が、もしもこのささやきが、たとえばかつて俺に豚キムチを食わせてくれた駄菓子屋女子の情念チーママの唇から出たもの、あるいは500歩譲って沼田ミソギの唇だっていい、どこかの「肉体」から発せられることばであったならば、俺の下半身は発熱し、エモ山はエロ山にヘンゲできただろう。

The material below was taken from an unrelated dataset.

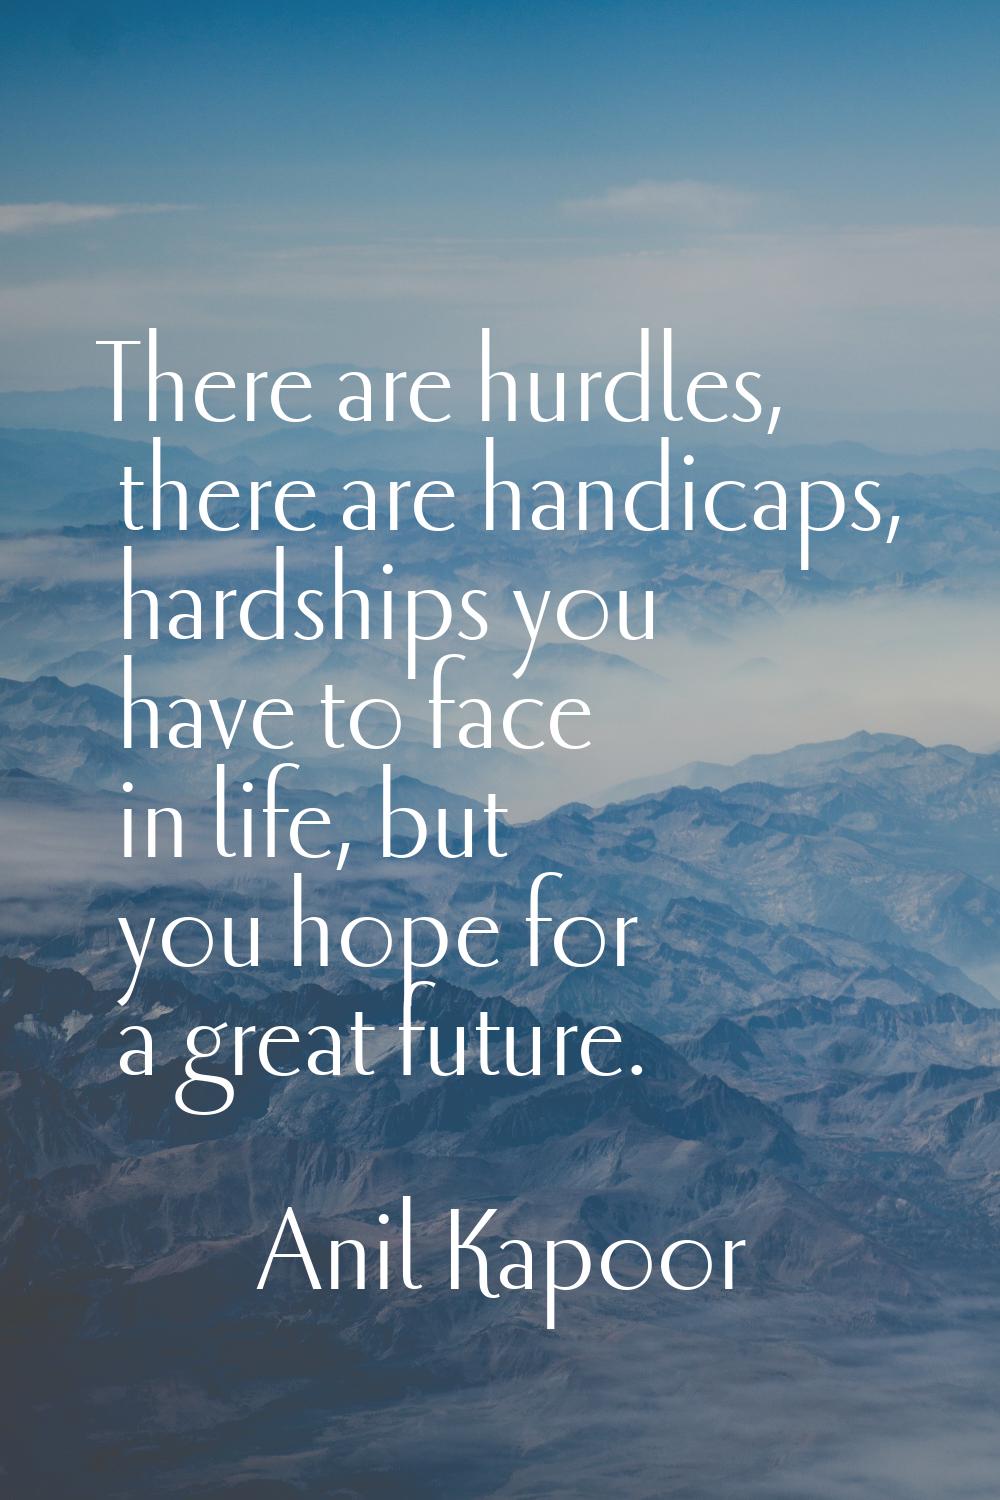 There are hurdles, there are handicaps, hardships you have to face in life, but you hope for a grea

500歩くらいなら俺はスタタタンと瞬時に譲れるから。
けれどこれは現実であったため、俺はエロの壁を越えることはできなかった。
エゴ山が俺の顔をしていたからだ。
俺の目で俺を見つめ俺の唇で俺にささやいていたからだ。
俺は考えた。
考えるには考えた。
目を閉じていればよいのではないか。
たとえば何か、レジ袋などをかぶせればよいのではないか。
しかし俺は考えた。
レジ袋というものが、俺の家にはすでにない。
「やっぱりさ、」
エゴ山の体を押しのけて俺は言った。
「自分の顔はやっぱちょっと無理なんだよね、って感じで」
エゴ山は俺の首から手を離し、シンクロナイズドスイミングの技みたく体をひるがえし、ごろりと横になった。
俺は粗い息をしながらつぶやいた。
「サステナビリティさ」
俺はレジ袋が廃止された利点をひとつ見つけたかもしれない。
アパートの部屋は静まり返り、呼吸を整える俺は聞いていた。
チックタックと、ありもしない時計の秒針がどこかで響いていた。
俺は天井のクロスのツブツブを見つめた。
冷蔵庫がぶーんとうなった。
そして俺はこの部屋に何か別のものがいることに、音で気づいた。
それはかすかな音だった。
俺は俺がさっき食べた肉じゃがのプラ容器を思い浮かべた。
プラ容器がテーブルの上で汁と食べかすを付着させたまま、茶色く汚れた割りばしにその動きをおさえこまれるようにして放置されているはずだった。
それは俺が片づけなきゃいけないゴミだった。
そのあたりになんかいるような気がして、俺は耳をそばだてた。
かさこそ。
かさこそ。
プラ容器を、極小ブラシみたいなのでこするようなかすかな音がした。
かさこそ。
かさこそ。
這いまわっていた。
俺はそっちを見ないけど、そこになにがいるのかはわかった。
そいつはいつも俺のうちにいる。
どこからともなくあらわれる。
夜中になると動き出す。
絶望だ。
絶望の虫だ。
かさこそ。
かさこそ。
それはそれにとって最大限足音忍ばせて、ここにやってきているはずなのに、俺にはその音がばっちり聞こえてしまう。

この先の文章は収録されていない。